16. The transgenic land plant according to claim 15, wherein greater than 80% of the polyhydroxyalkanoate synthase expressed in the transgenic land plant is expressed in the seeds of the transgenic land plant.

17. The transgenic land plant according to claim 15, wherein greater than 80% of the polyhydroxyalkanoate synthase expressed in the seeds of the transgenic land plant is localized in cytosol of the cells of the seeds.
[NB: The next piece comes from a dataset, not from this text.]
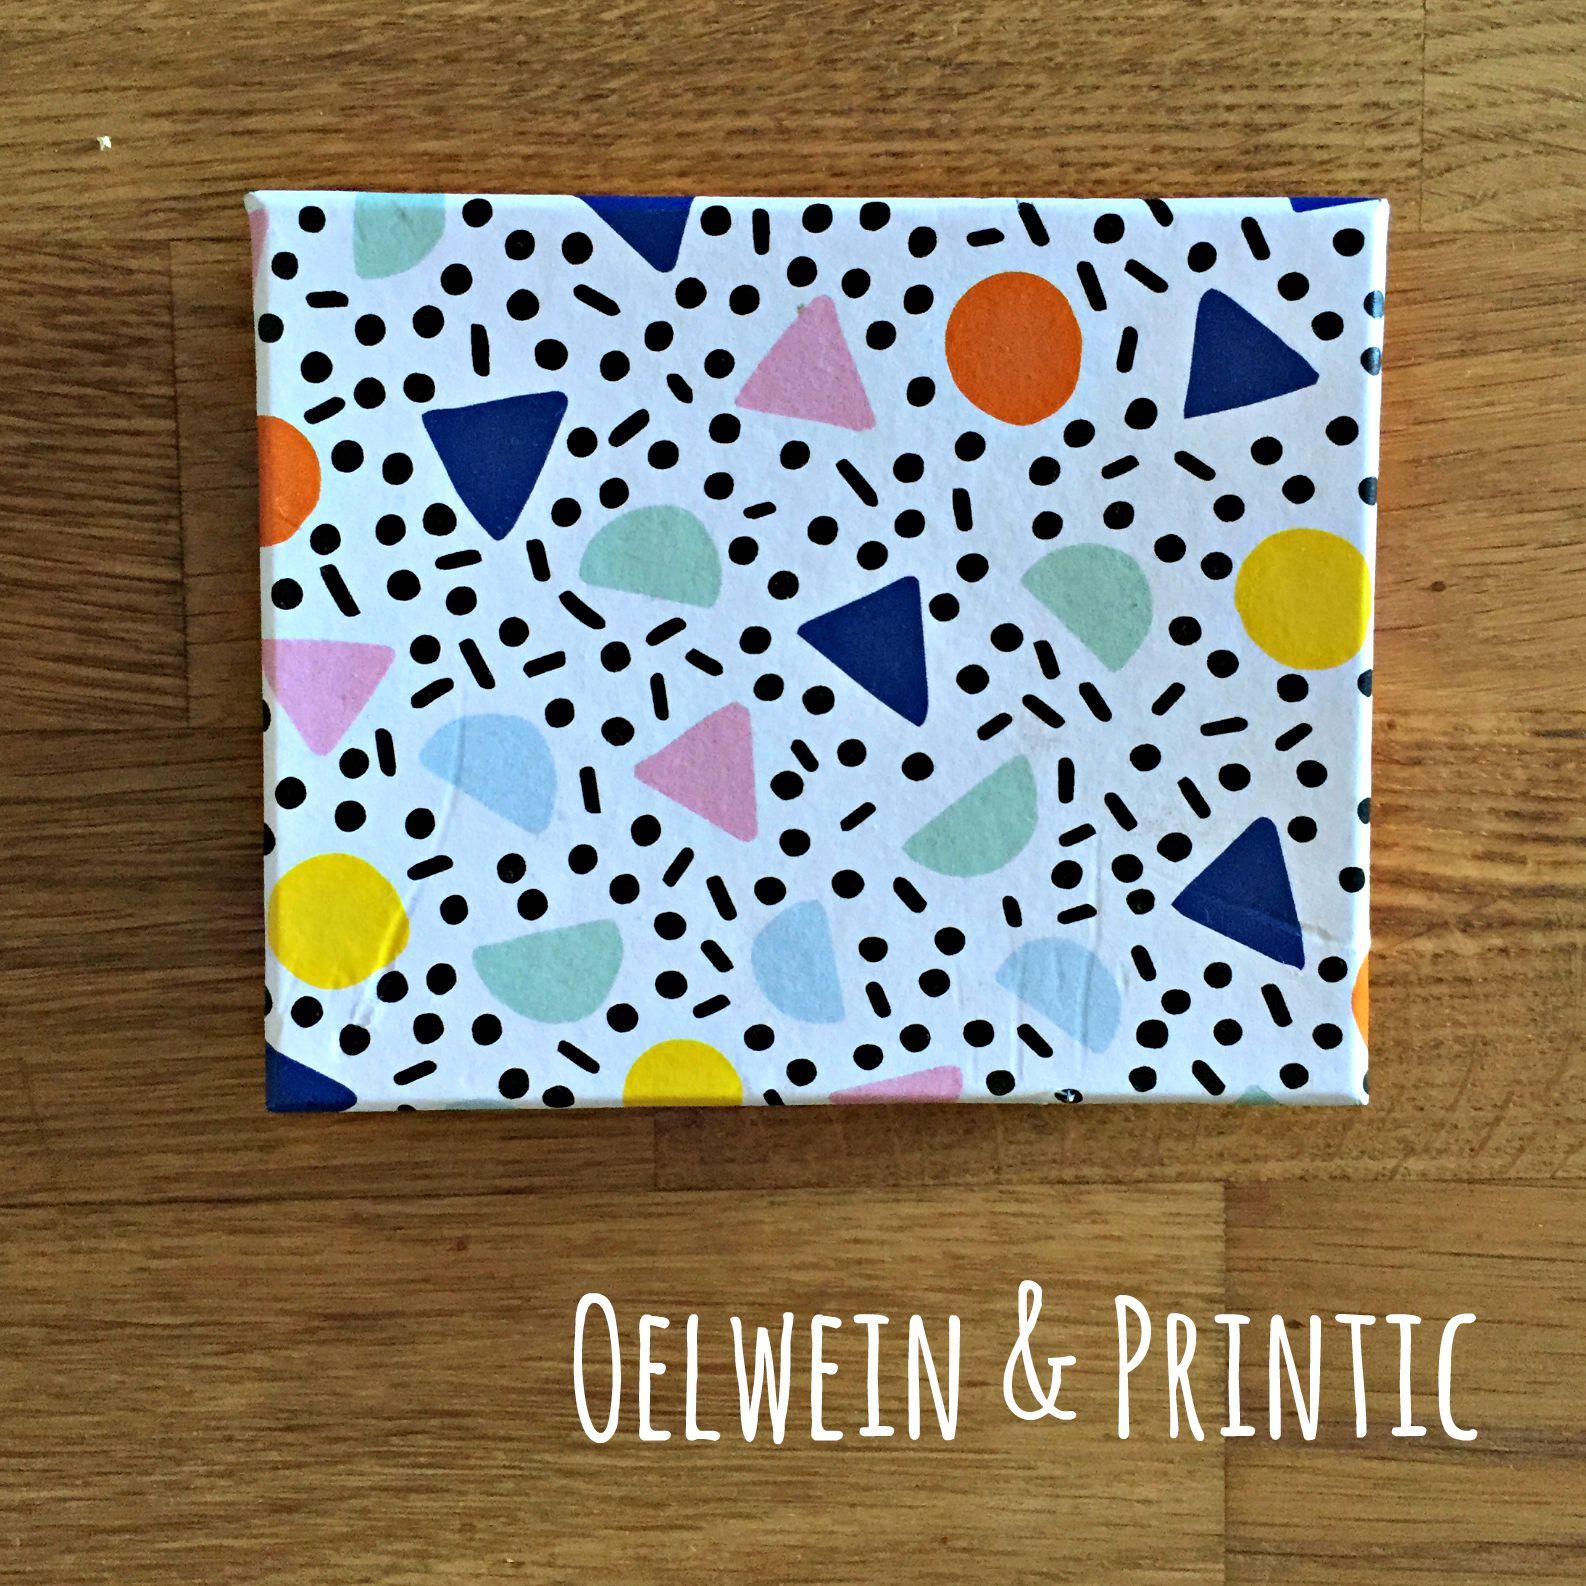 Oelwein & Printic

18. The transgenic land plant according to claims 15, wherein greater than 80% of the polyhydroxyalkanoate polymerized by the polyhydroxyalkanoate synthase is localized in cytosol of the cells of the seeds.

19. The transgenic land plant according to claim 15, wherein the transgenic land plant produces the polyhydroxyalkanoate in the seeds to 2.0 to 20.0% of dry seed weight.

20. The transgenic land plant according to claim 15, wherein the polyhydroxyalkanoate comprises one or more of 3-hydroxybutyrate monomers, 4-hydroxybutyrate monomers, 3- hydroxy valerate monomers, 3-hydroxyhexanoate monomers, 5 -hydroxy valerate monomers, or saturated 3-hydroxyacid monomers with even-numbered carbon chains ranging from C6- C16.

21. The transgenic land plant according to claim 15, wherein the polyhydroxyalkanoate comprises 3-hydroxybutyrate monomers.

22. The transgenic land plant according to claim 15, wherein the polyhydroxyalkanoate comprises one or more of poly-3 -hydroxybutyrate, poly(3-hydroxybutyrate-co-4- hydroxybutyrate), poly(3 -hydroxybutyrate-co-3 -hydroxy valerate), poly(3 -hydroxybutyrate- co-3-hydroxhexanoate) and poly(3-hydroxybutyrate-co-5-hydroxyvalerate).

23. The transgenic land plant according to claim 15, wherein the polyhydroxyalkanoate comprises poly-3 -hydroxybutyrate.